# Data in this exercise
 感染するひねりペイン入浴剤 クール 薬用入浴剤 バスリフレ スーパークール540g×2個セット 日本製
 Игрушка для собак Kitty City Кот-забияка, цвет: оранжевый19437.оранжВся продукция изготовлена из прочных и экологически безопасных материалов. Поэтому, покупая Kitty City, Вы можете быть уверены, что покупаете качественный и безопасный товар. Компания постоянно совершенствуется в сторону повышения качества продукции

...

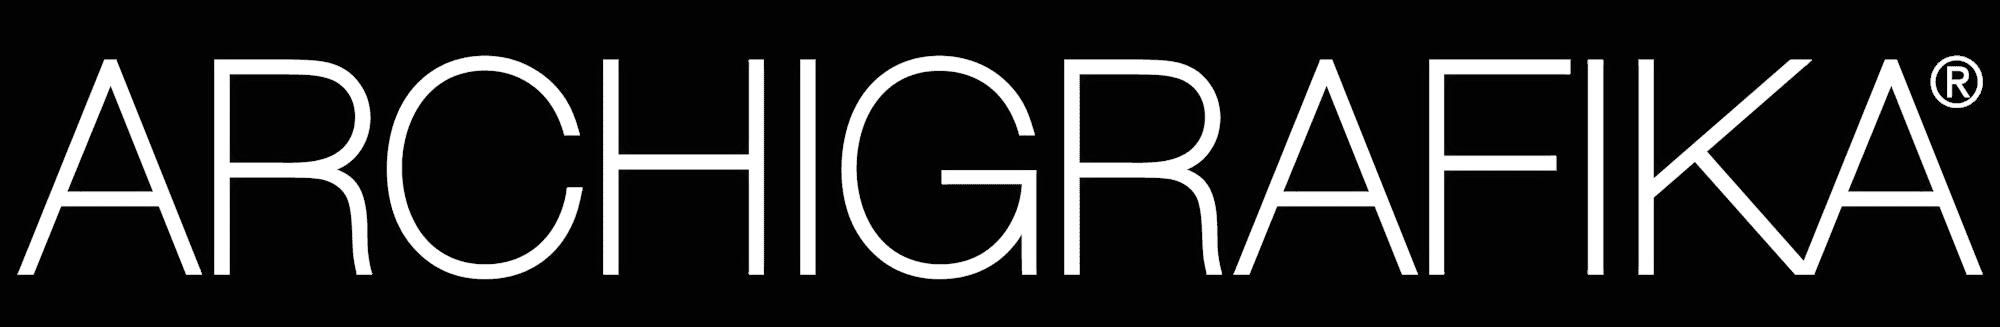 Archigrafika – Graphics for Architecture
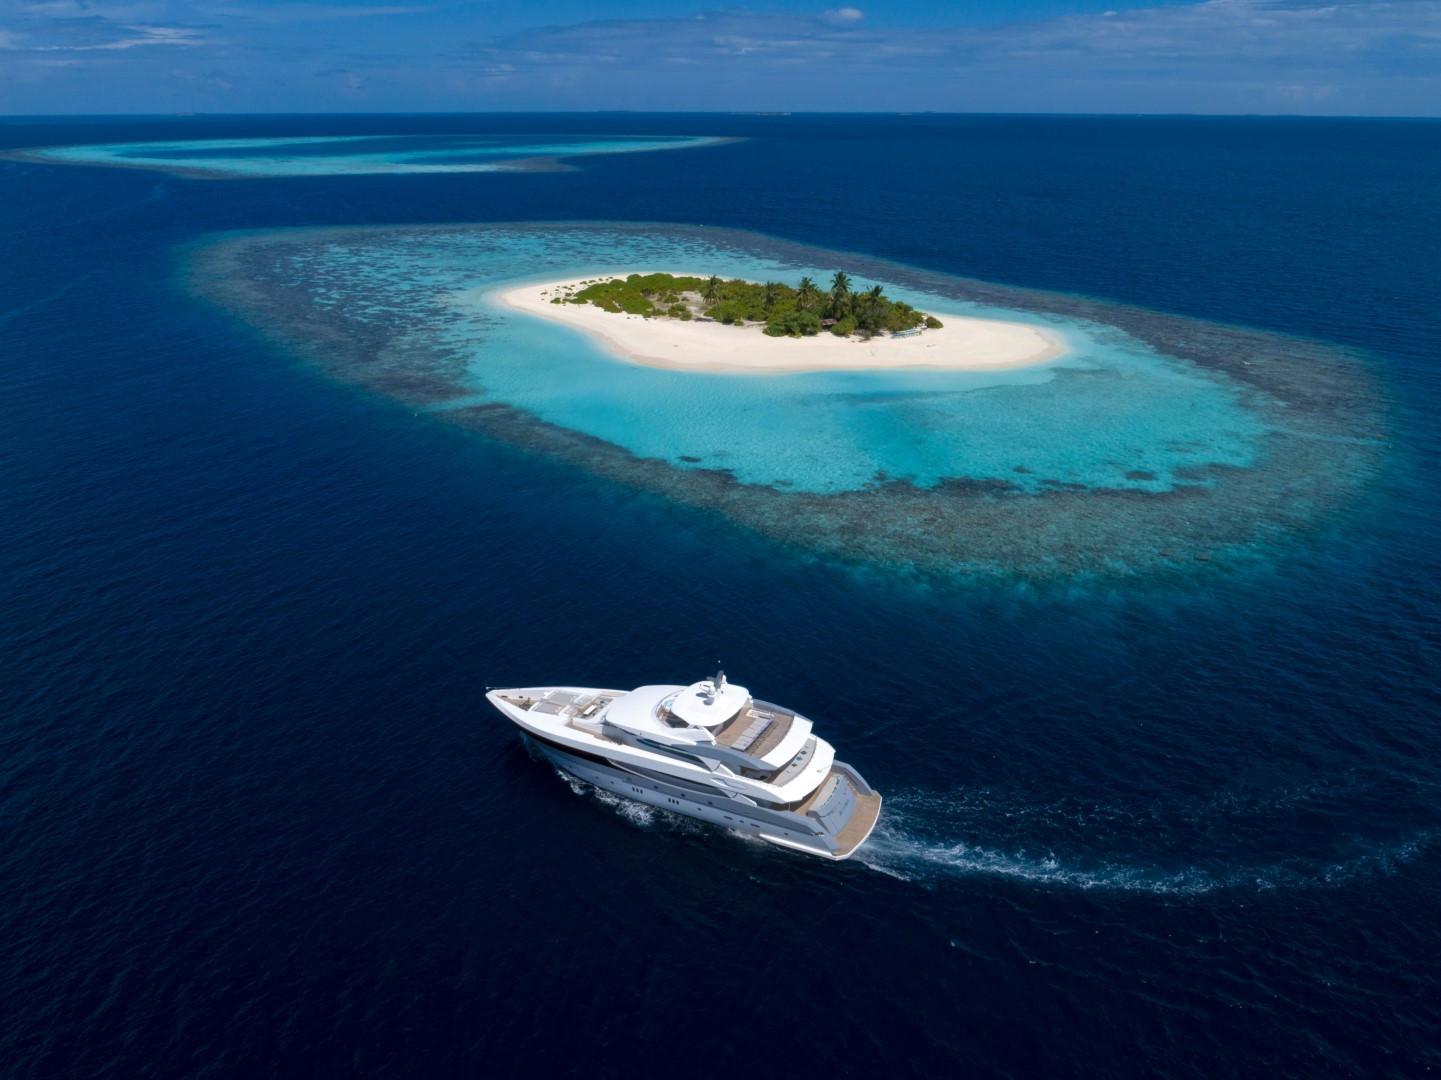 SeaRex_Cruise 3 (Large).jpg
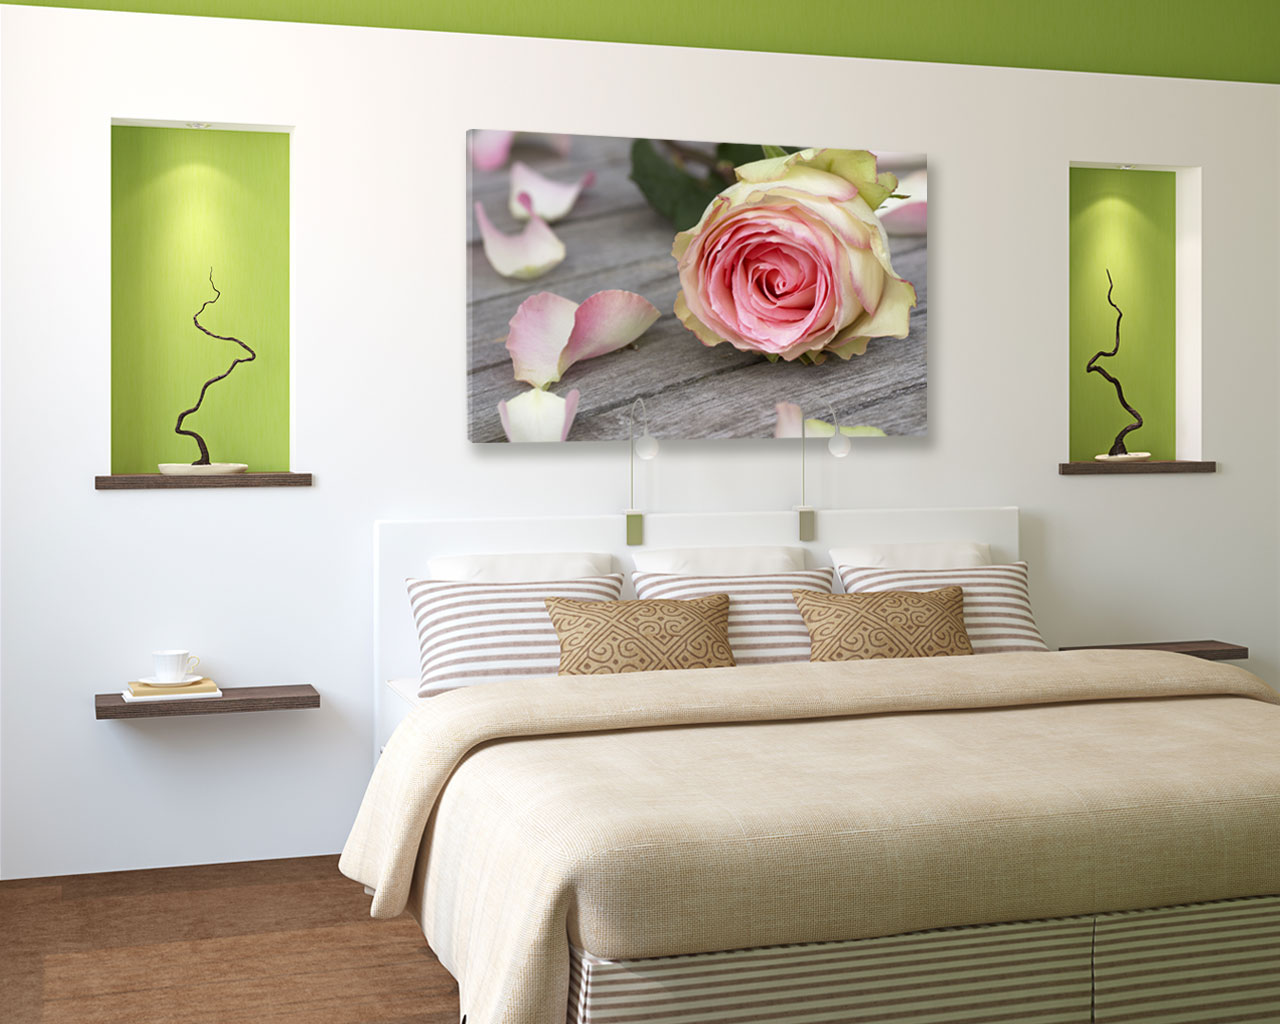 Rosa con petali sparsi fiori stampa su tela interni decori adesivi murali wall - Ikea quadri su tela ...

...

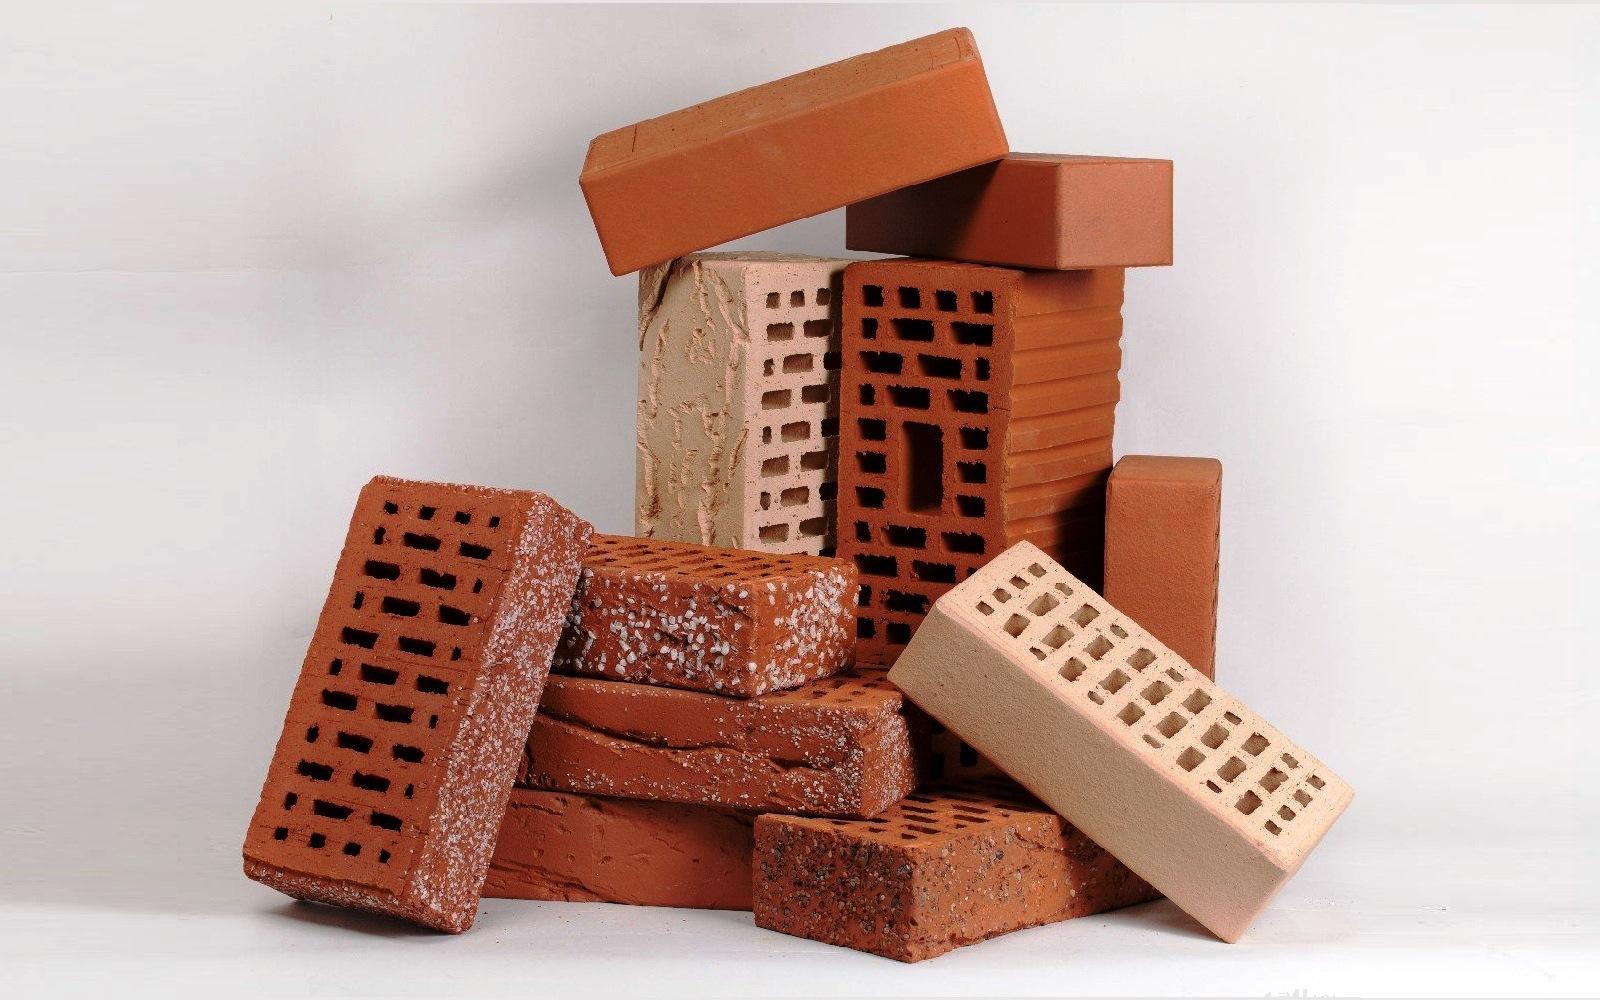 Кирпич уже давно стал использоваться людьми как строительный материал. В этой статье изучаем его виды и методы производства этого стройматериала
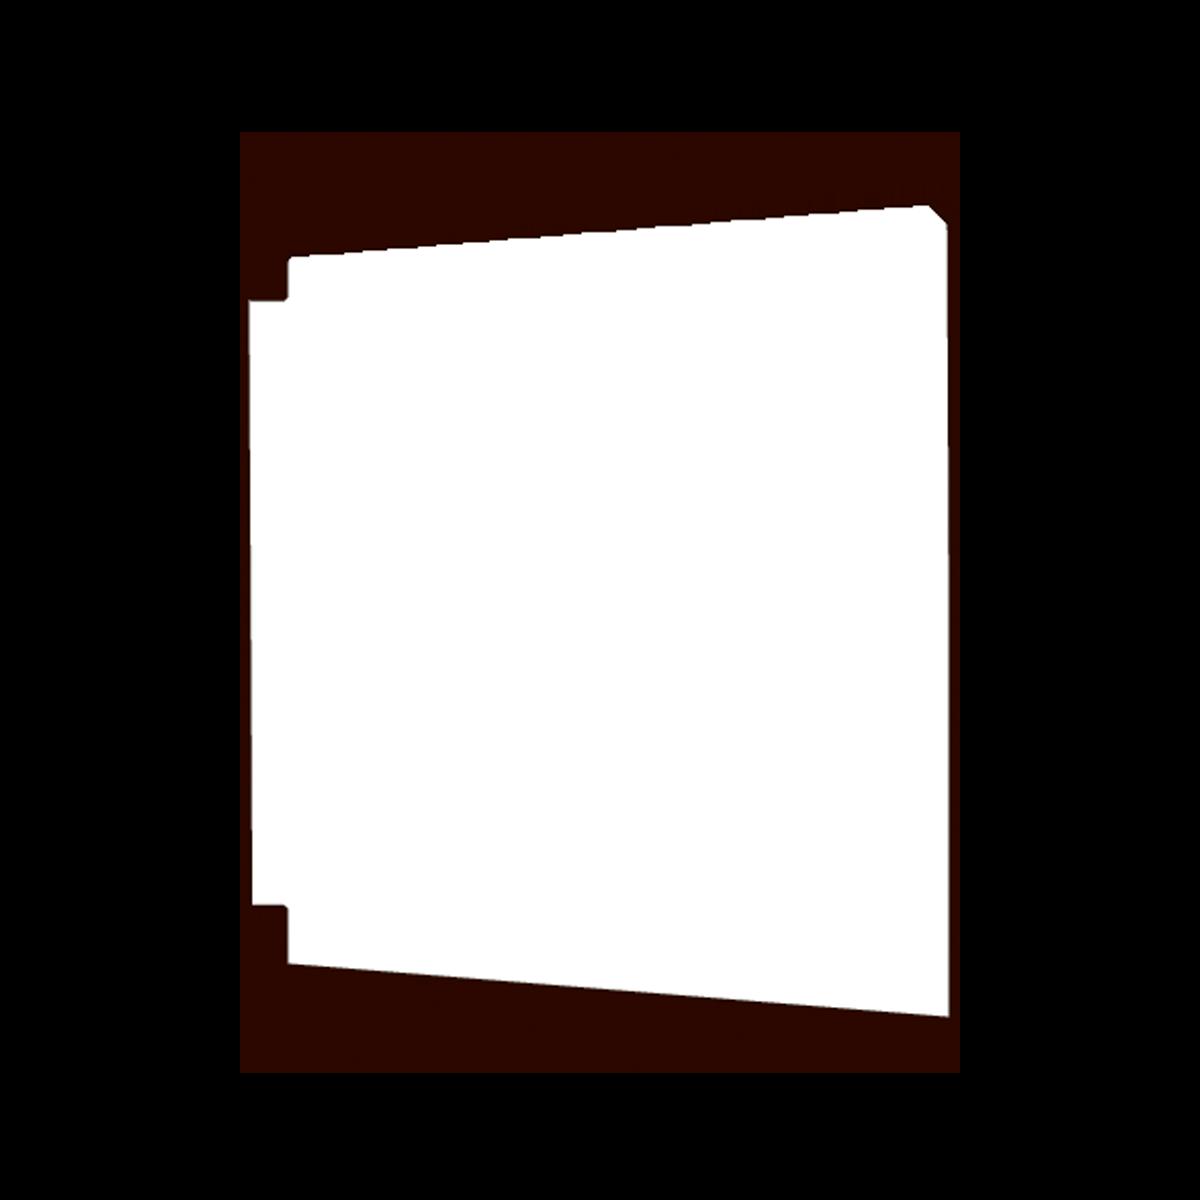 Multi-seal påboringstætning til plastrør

# Task goal
Because only one stretch of the records is wanted, please output the lines from the one holding "Кирпич уже давно" through the one holding "Multi-seal påboringstætning til plastrør" exactly, both included, and leave every picture out.

# Completed exercise
 Кирпич уже давно стал использоваться людьми как строительный материал. В этой статье изучаем его виды и методы производства этого стройматериала
 Multi-seal påboringstætning til plastrør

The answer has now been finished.